Uncertainties in the recycling sector did not prevent waste management group Cleanaway increasing revenue and profits during the year.
The company reported EBITDA up 2.5 per cent in the first half to $234.6 million on sales up 4.1 per cent to $$1.19 billion.
The company’s $671 acquisition of Toxfree Solutions and subsequent integration into the business is progressing, with the purchase a template for the subsequent acquisition of the SKM business from its liquidators.
Cleanaway, Australia’s biggest recycler, is now the world’s 17th largest in the segment, with 252 sites in Australia alone.

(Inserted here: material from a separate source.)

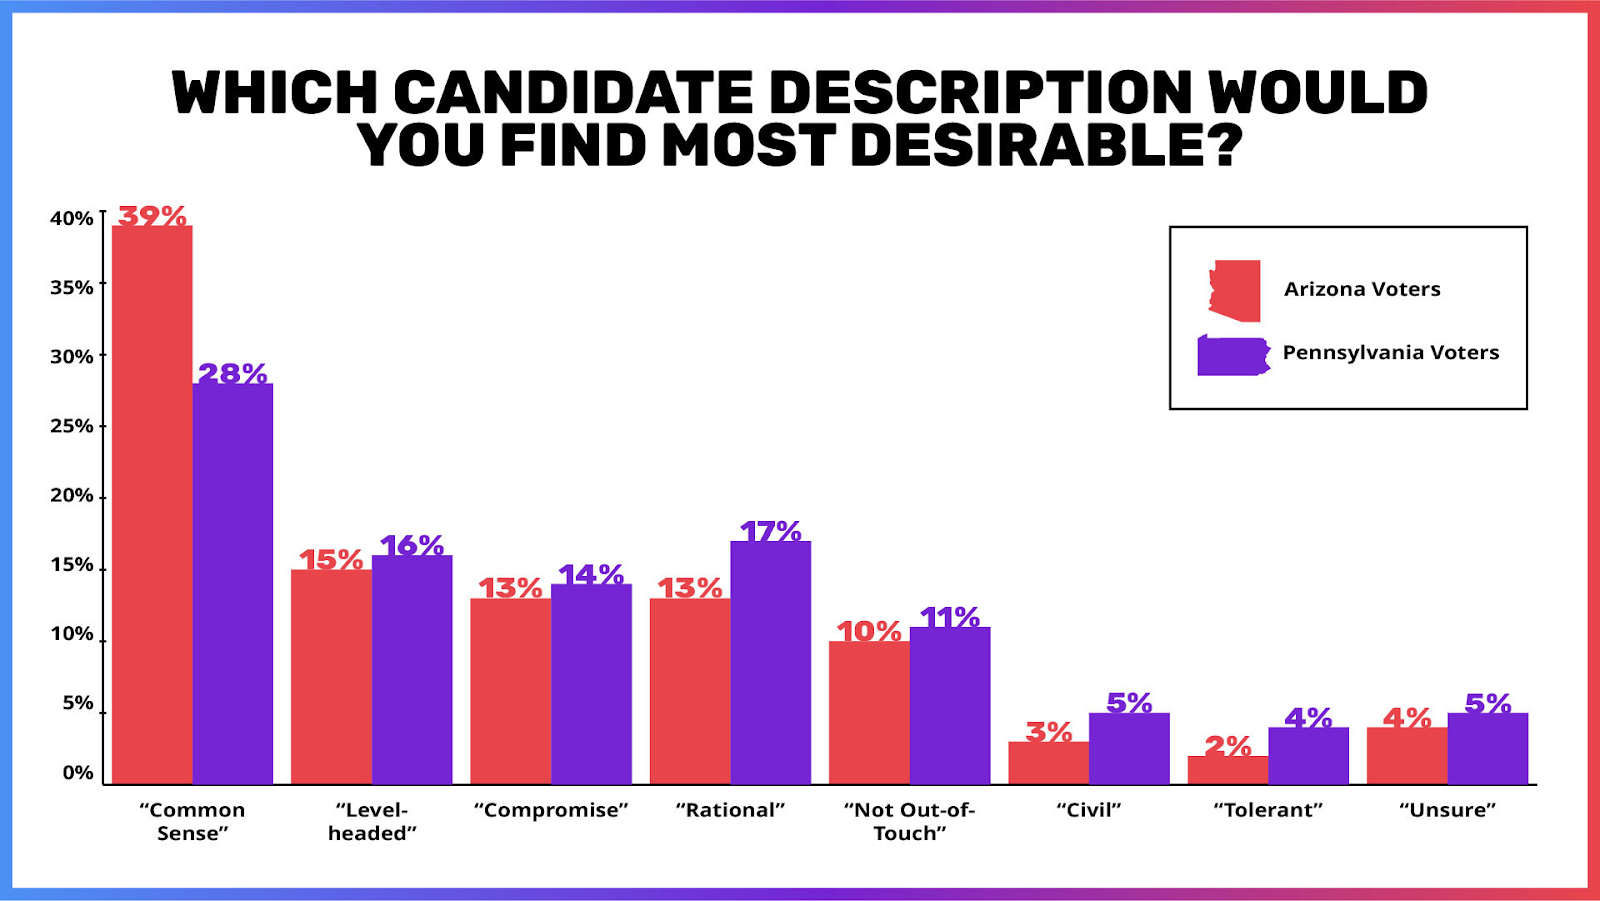 A bar graph showing the answer to the question "which candidate description would you find most desirable?"
Among both Arizona and Pennsylvania voters a the top two Reponses are Common Sense and Level Headed.

Earlier this week Cleanaway, Pact group and Asahi Beverages announced they would build a plastics recycling plant at Albury/Wodonga, as reported in @AuManufacturing news.
Cleanaway CEO Vik Bansal said the company’s profit increased despite lower commodity prices and a reduction of waste flow into its Queensland landfill with the introduction of a state waste levy.
Bansal said: ” We are nearing the final stages of the Toxfree integration process and remain on track to deliver $35 million in synergies expected from the acquisition.”
He said the company was seeking to develop a circular economy from its waste collections and sorting businesses.
“Ultimately this will only be possible when the economic framework supports investment in downstream commodity manufacture.
“Demand for recycled materials must be created and underpinned by robust and consistent government policies and community support.”